Yes, freesheets are challenged, but that's down to the collapse in the print classifieds market, and Mecom is hardly the best example of a company brought down by its frees.

In an article yesterday, The Financial Times (FT) suggested the freesheet model could be the first victim of the current newspaper crisis. Now, I'm not sure if I should have a go at FT or Trinity Mirror CEO Sly Bailey here, but this article elegantly skirts around the newspaper industry's bigger, structural problem, and some of its facts are at best misleading.

Freesheets hardly at the heart of Mecom's problems
"...Companies with the most serious threats to their existence have a strong element of free newspapers in their portfolio," the FT article says - and cites Mecom as its first example. This smacks of lazy reporting. The key problem for the pan-European newspaper group headed by former Mirror boss David Montgomery is high gearing or leverage. In short: scooping up too much, too fast at the top end of the economic cycle, using borrowed money to facilitate its acquisition spree. That, combined with operating in a sector which is both cyclically and structurally challenged, makes it the perfect example of the kind of company whose shares are receiving the worst hammering in the current downturn.

Of course the downturn in the advertisement market is hitting Mecom like all other newspaper companies, but I'm not convinced Mecom is the best example of a company brought down by its frees. If you're not familiar how much of its business is made up of freesheets, here's a quick run down:

Mecom's freesheet portfolio
In Denmark, Mecom rushed out a new short-lived freesheet, Dato, at the start of the Danish freesheet war in 2006 - but as this closed in 2007, it shouldn't affect Mecom's 2008 financial results - and still has the loss making youth-oriented free Urban in its portfolio, which recently reduced its circulation to 203,000, but has merged all its content production. In Norway, the British based company has a small network of non-daily frees in Oslo; in Poland, it has Moje Miasto running on a similar model to the Norwegian frees - which leaves The Netherlands, where free newspapers comprises the biggest part of the British based company's operation. Every week its Dutch divison publishes about 8.6 million copies of free door-to-door distributed papers in addition to seven paid for titles.

However, in contrast to UK newspapers, Mecom also has remarkably high subscription rates for most of its paid for papers which must be of some comfort amid all the current advertisement gloom.
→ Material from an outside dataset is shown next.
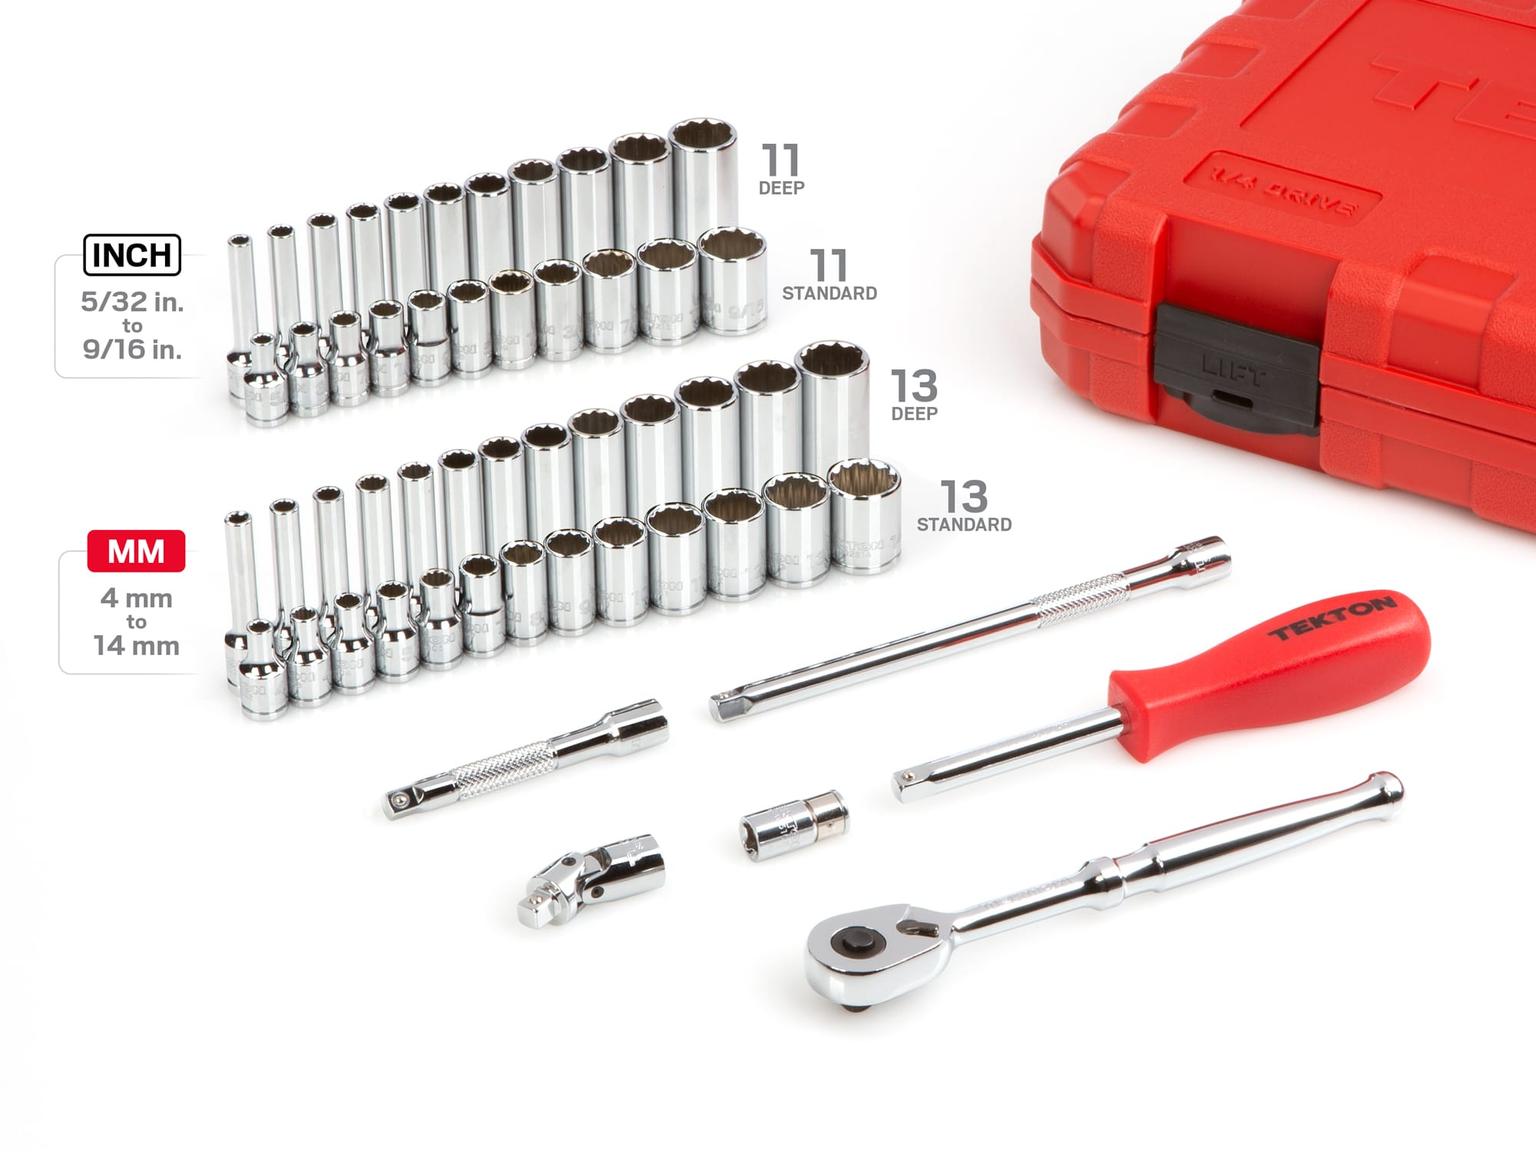 TEKTON SKT05302-D 1/4 Inch Drive 12-Point Socket and Ratchet Set, 55-Piece (5/32-9/16 in., 4-14 mm)

From what the British company has indicated about its 2008 earnings so far, it seems Mecom is worst affected by the advertisement decline, not in The Netherlands but in Denmark and hardly at all in Poland (I'm omitting Mecom Germany here as it's not big on frees and practically sold - just need the shareholders to approve the sales agreement).

A more disturbing case
Now, it is true that companies with a strong element of free are struggling - it will certainly be interesting to see how Metro International, the world's biggest publisher of freesheets will fare in the times ahead - but rather than Mecom, I would have used Norwegian-based Schibsted as an example here.

Not only because, in contrast to Mecom, it's a market leading freesheet publisher in several big markets, such as Spain, France and Sweden (the latter in partnership with Metro) and, to a lesser extent, Eastern Europe, but because it illustrates the larger, structural problem at work so much better. In a way, Schibsted is also a much more disconcerting example.

It's freesheets, especially in places like Spain where the property market is in a dire state, are being hammered, but that's also happening to Aftenposten, Norway's newspaper of record, a daily paid for national newspaper which traditionally has relied heavily on print classifieds.

That I believe, is the bigger problem qua business models here, at least in my part of the world: we're seeing the market for print classifieds emigrate online and not necessarily to online newspapers. In contrast, Schibsted's other national Norwegian print newspaper, Verdens Gang (VG), which gets its ad revenues from brand advertisement rather than classifieds, has not, at least until new year, done as bad as Aftenposten (though if we're talking circulation decline, the relationship is reverse).

So yes, frees may be head of the queue, or "in the frontline trenches of the war," as Baily says to FT, but national and big regional dailies relying heavily on print classifieds make a good number two. And that's still only part of the story, I'll return to why I think Schibsted is such a disconcerting example in a separate post a bit later.